§ **The records**:
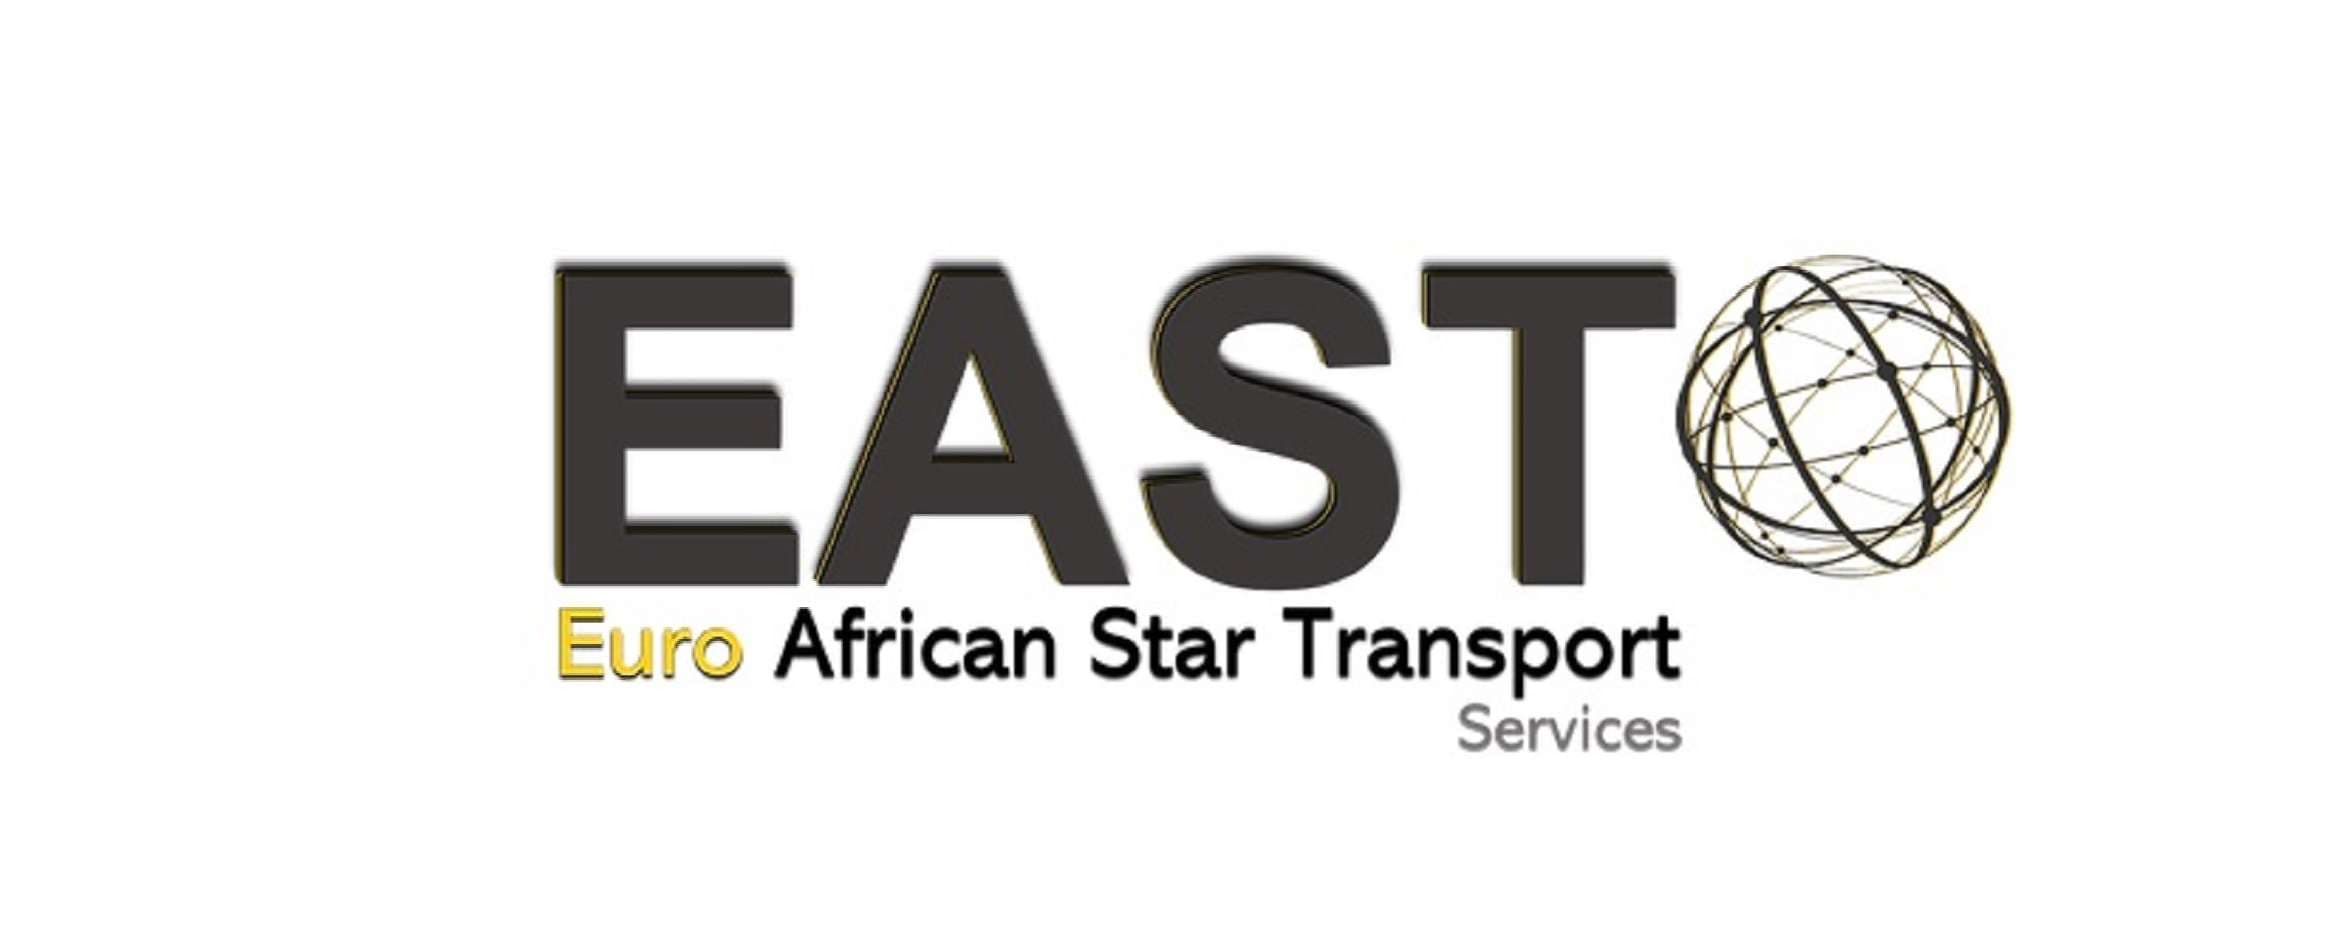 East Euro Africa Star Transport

...

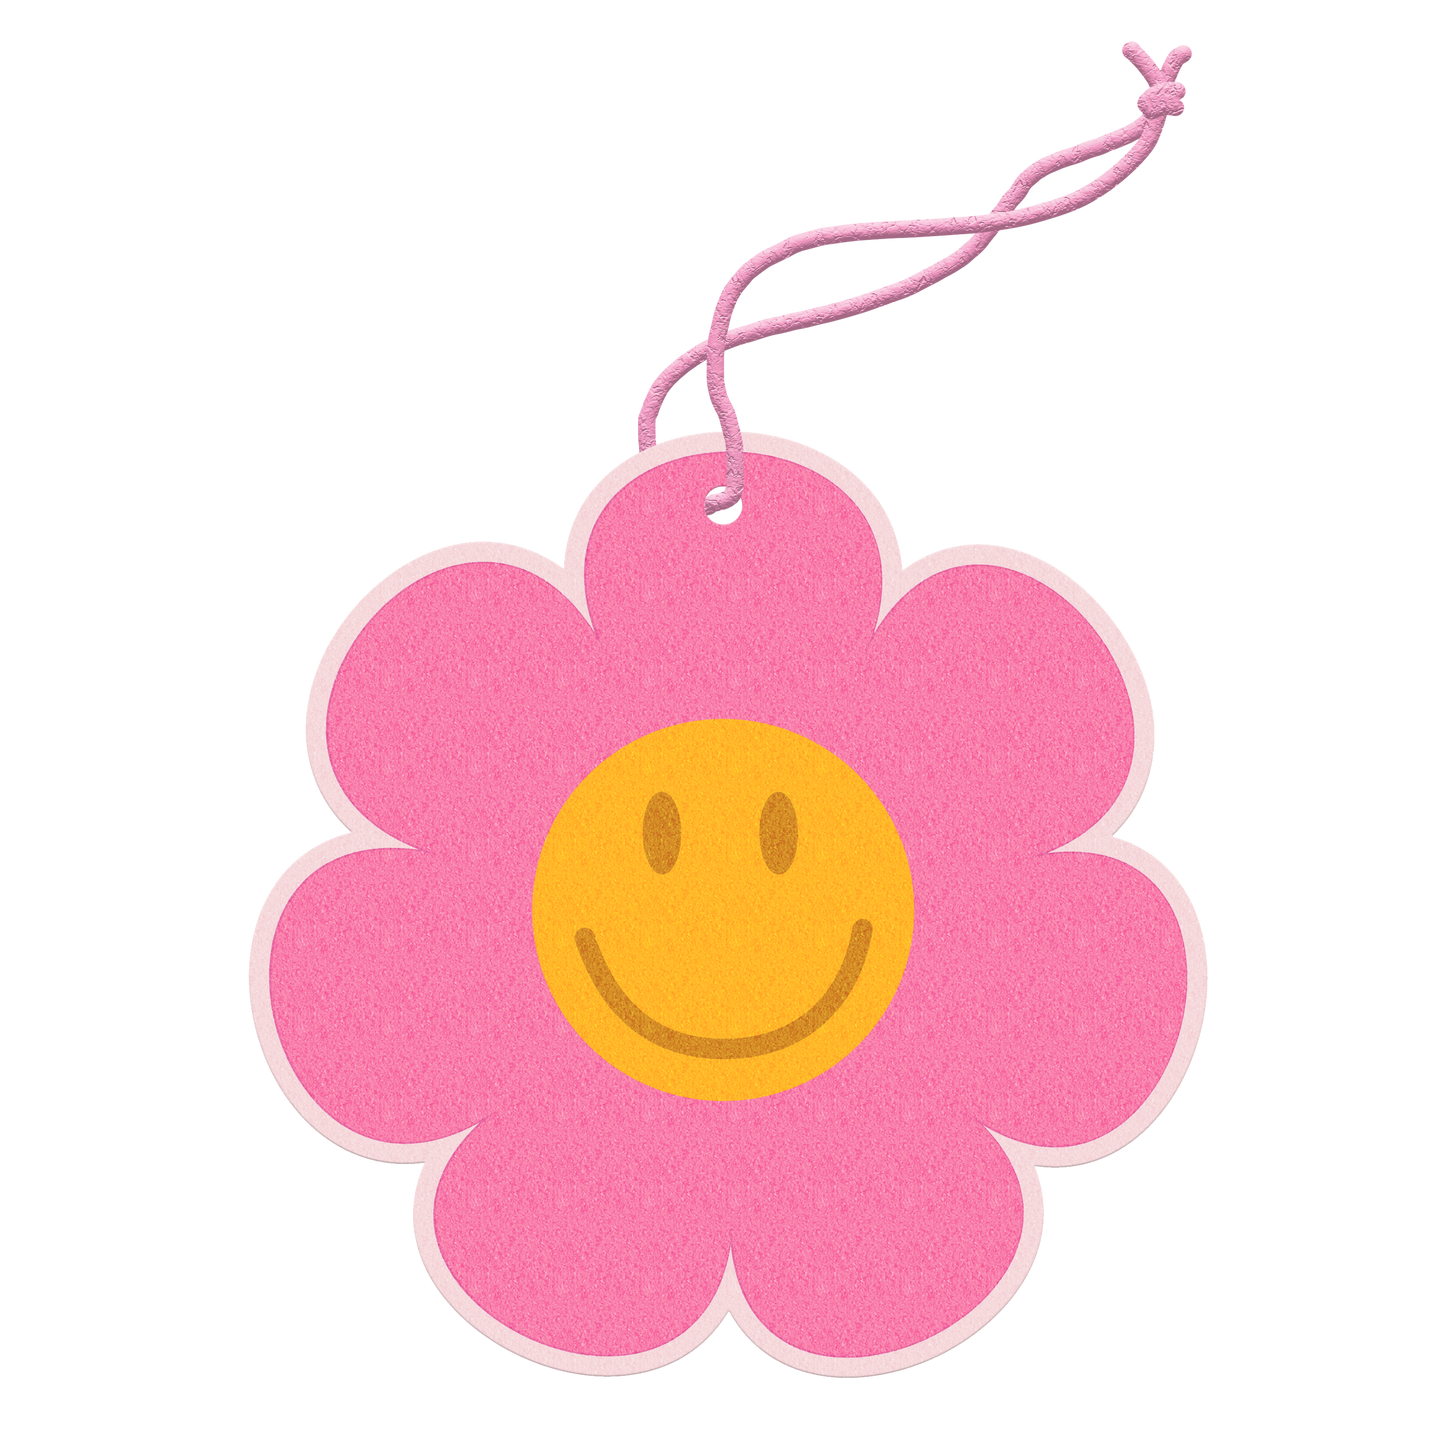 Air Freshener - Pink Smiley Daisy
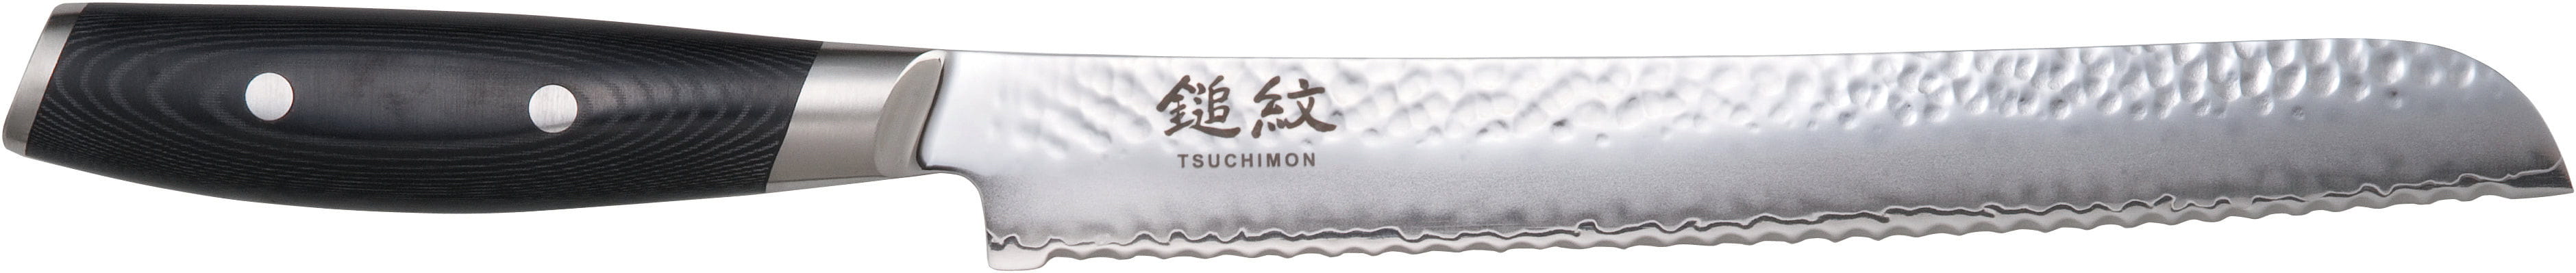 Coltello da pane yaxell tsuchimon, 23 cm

§ **About this task**: From the records above, copy only the lines running from the line holding "Air Freshener - Pink Smiley Daisy" through the line holding "Coltello da pane yaxell tsuchimon, 23 cm", with no pictures.

§ **Exercise solution**:
 Air Freshener - Pink Smiley Daisy
 Coltello da pane yaxell tsuchimon, 23 cm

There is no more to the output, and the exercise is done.